Wo gibt es denn verbuggte Wolken O.G
hab bisher noch nie welche verbuggt gesehn


----------



## Maternus (29. Juni 2008)

Die gibt es eigentlich auf jedem Realm. Sind alles Luftwolken, die an Stellen spawnen, die nicht erreichbar sind.

Flieg mal in etwas höheren Regionen an den unmöglichsten Orten herum, dann wirst Du schnell fündig.


----------



## Garnalem (30. Juni 2008)

michamonk schrieb:


> Bei uns lohnt es sich eher in Zangarmarschen Urwasser zu farmen , da fliegt trotz relativ gleichem Preis von Urwasser / Urluft kaum wer rum, wohingegen man es in Nagrand nur mit Glück mal schafft die ein oder andere Wolke vor nem anderen Ingi wegzusaugen.
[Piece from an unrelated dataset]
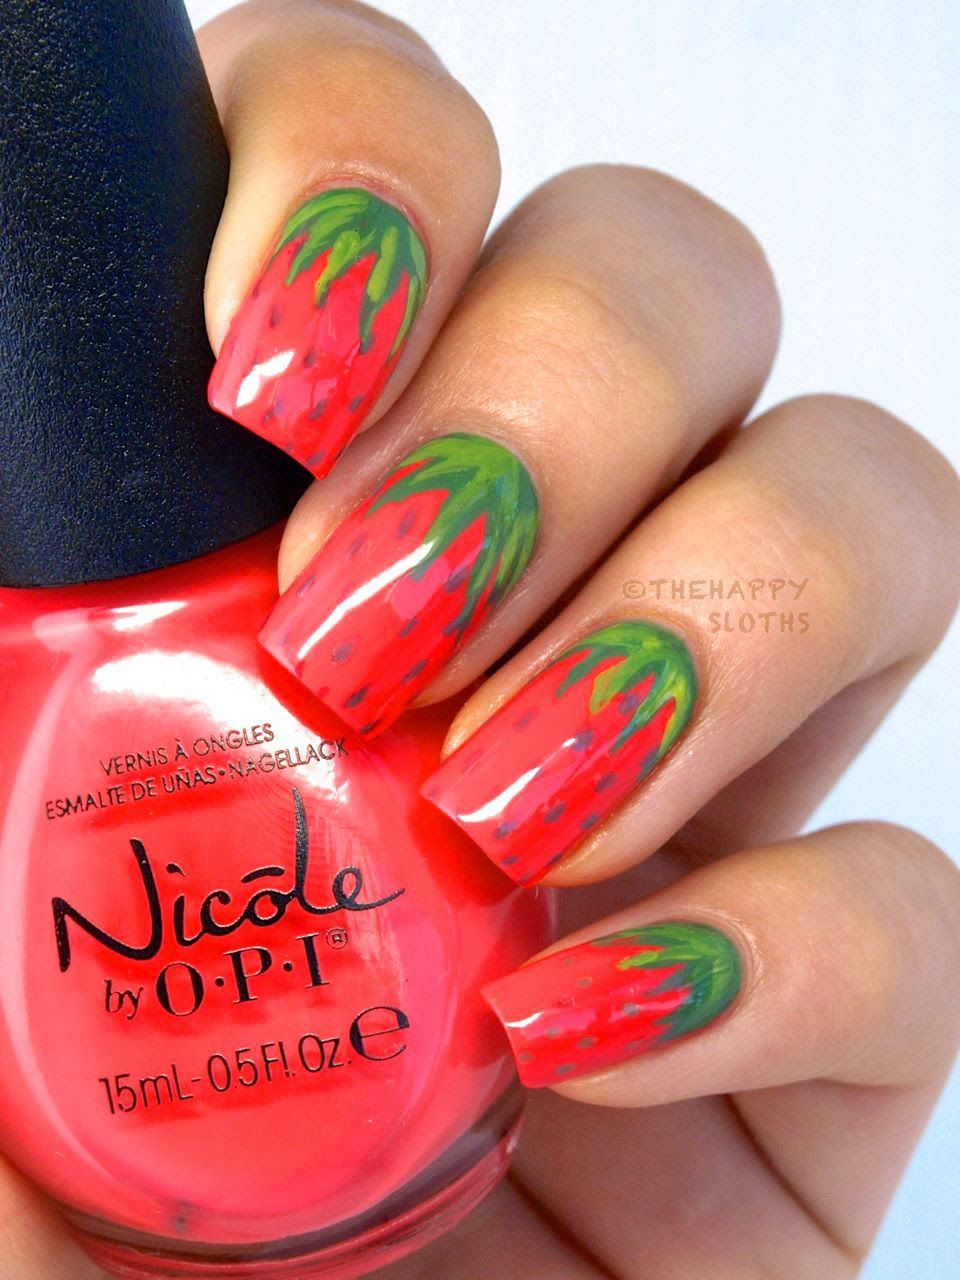 Strawberry manicure strawberry nail art design the happy sloths strawberry manicure strawberry nail art design the happy sloths prinsesfo Images

Dem kann ich nur beipflichten. Ich spiele zuzeit nen Char im 60er Bereich hoch, der Ingi ist. Was ich da mal nebenbei an Gaswolken finde, die im Schnitt 4 Wasserpartikel droppen, ist das schon fast nicht mehr feierlich.  


			Dieser Inhalt steht nur eingeloggten Mitgliedern zur Verfügung.
        

 Die Urwasser liegen bei uns bei ca 30 Gold und sind um einiges teurer als Urluft. Als Farmer solltest du da schon reich werden.


----------



## Omidas (30. Juni 2008)

Also Urluft farmen geht locker

Hab die Tage für meinen Druiden ~35 Urluft zusammen gefarmt. nicht genau auf die Uhr geschaut aber um die 4h hats gedauert insgesamt. Alles was man dafür braucht ist:

Ingi Brille
Partikelextraktor
Cartographer
Cartographer Extract Gas
Cartographer Routes oder Routes alleine
vorhandene Datenbank für Vorkommen
Dadurch das man die Spawn Punkte hat, kann man sich mit Hilfe von Routes eine sehr gute Flugroute errechnen kann, wie man am besten die Punkte hintereinander ab arbeitet. Diese Rote kann man sich dann auf der Minimmap anzeigen lassen und einfach nachfliegen.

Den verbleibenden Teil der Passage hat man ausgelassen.